#### Problem
Omit the images and output every line of the data below exactly.

#### Source data
============================================================

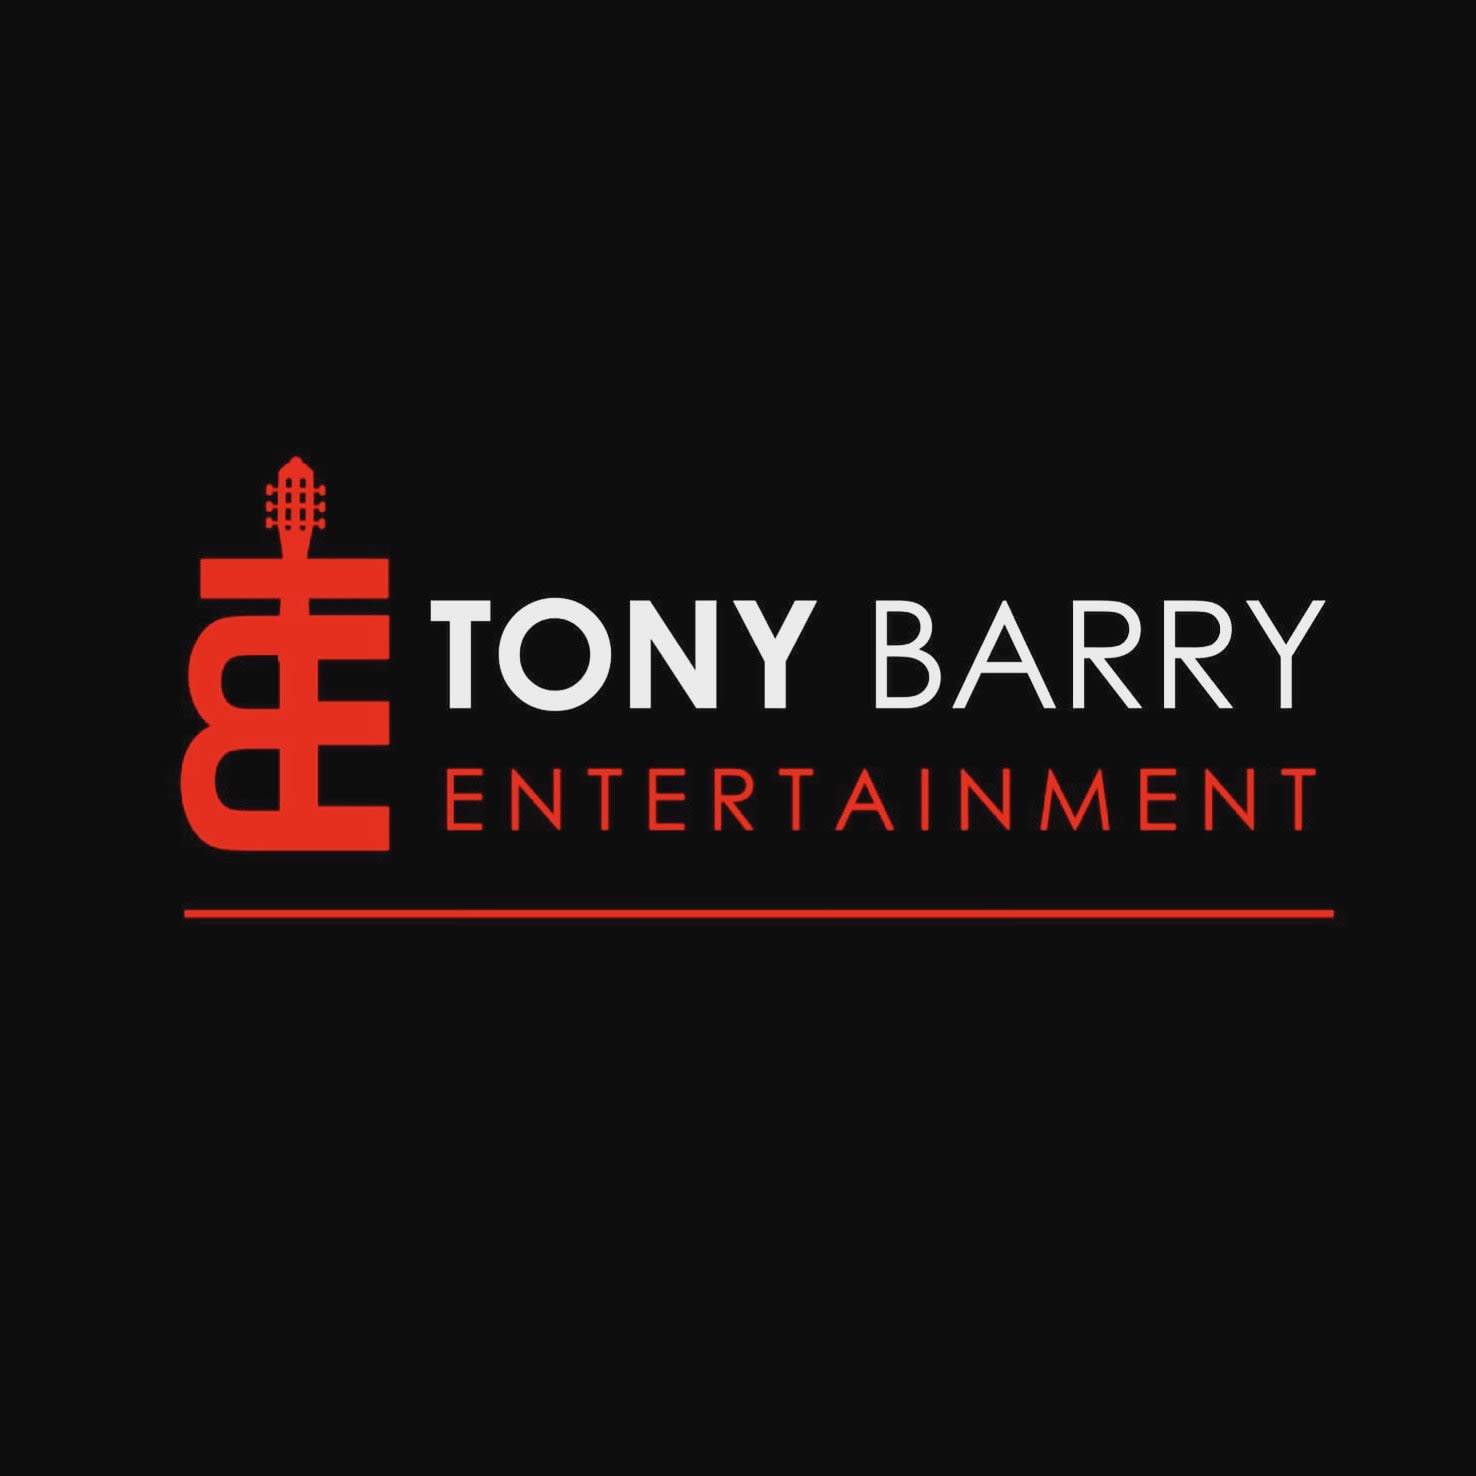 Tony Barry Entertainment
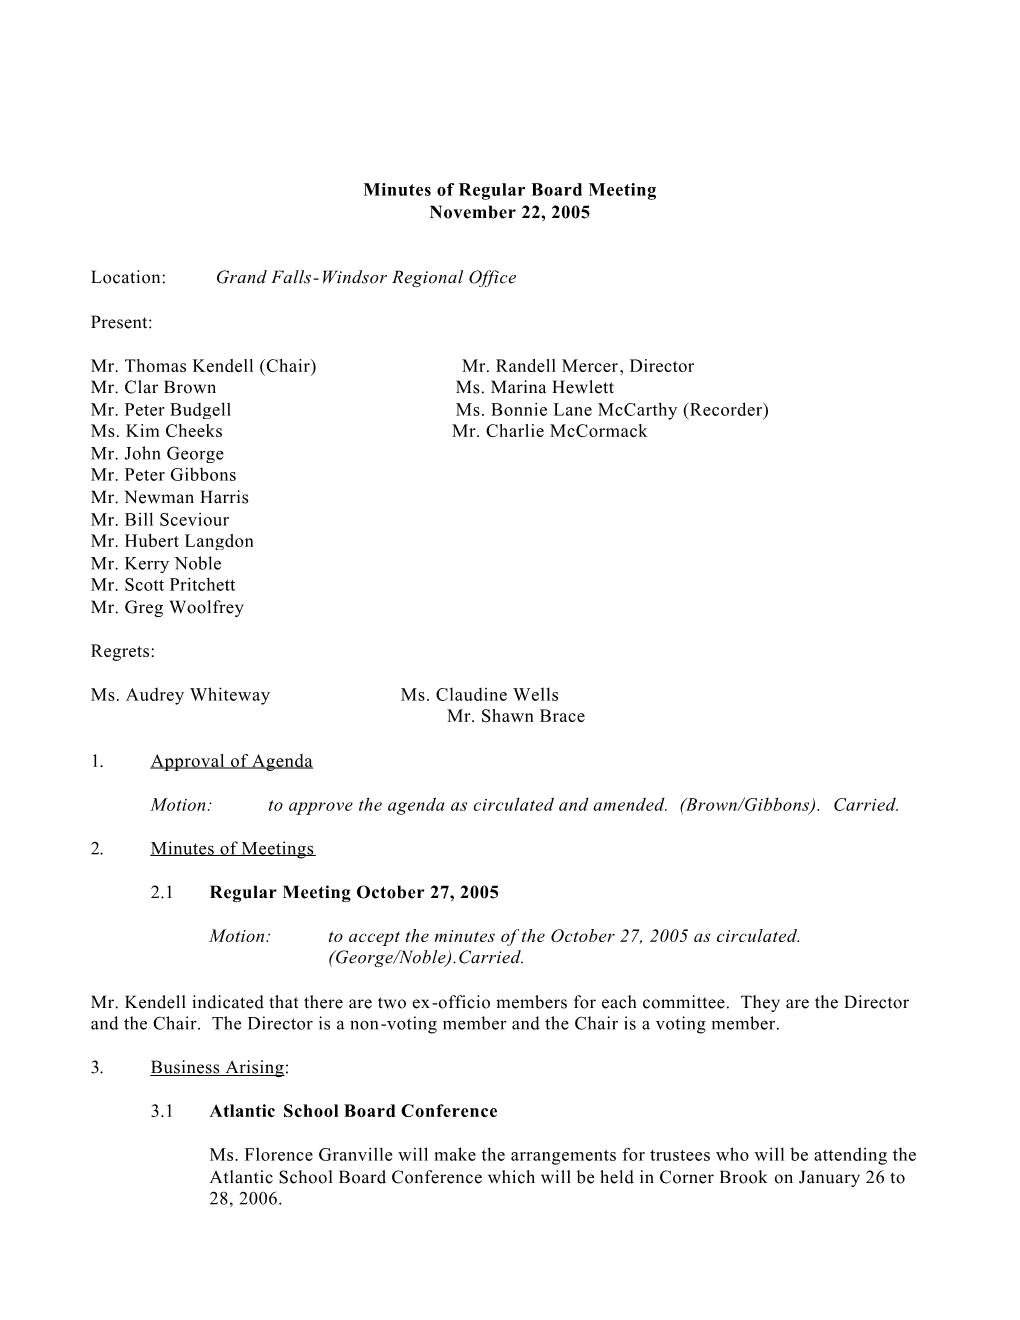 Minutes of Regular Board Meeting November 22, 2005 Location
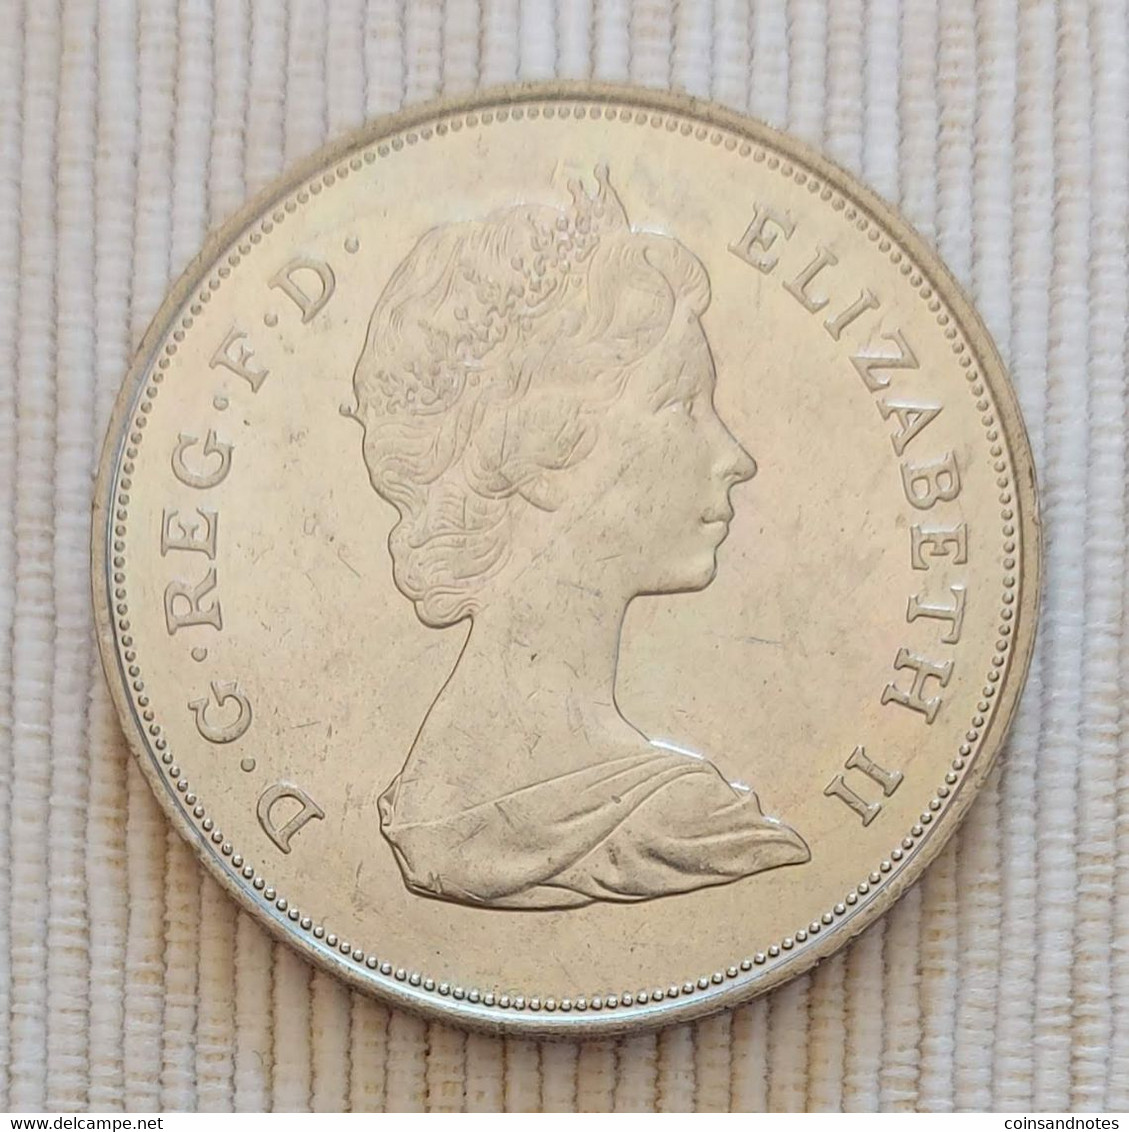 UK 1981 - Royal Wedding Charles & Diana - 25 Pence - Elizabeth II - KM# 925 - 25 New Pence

============================================================

#### Solution
 Tony Barry Entertainment
 Minutes of Regular Board Meeting November 22, 2005 Location
 UK 1981 - Royal Wedding Charles & Diana - 25 Pence - Elizabeth II - KM# 925 - 25 New Pence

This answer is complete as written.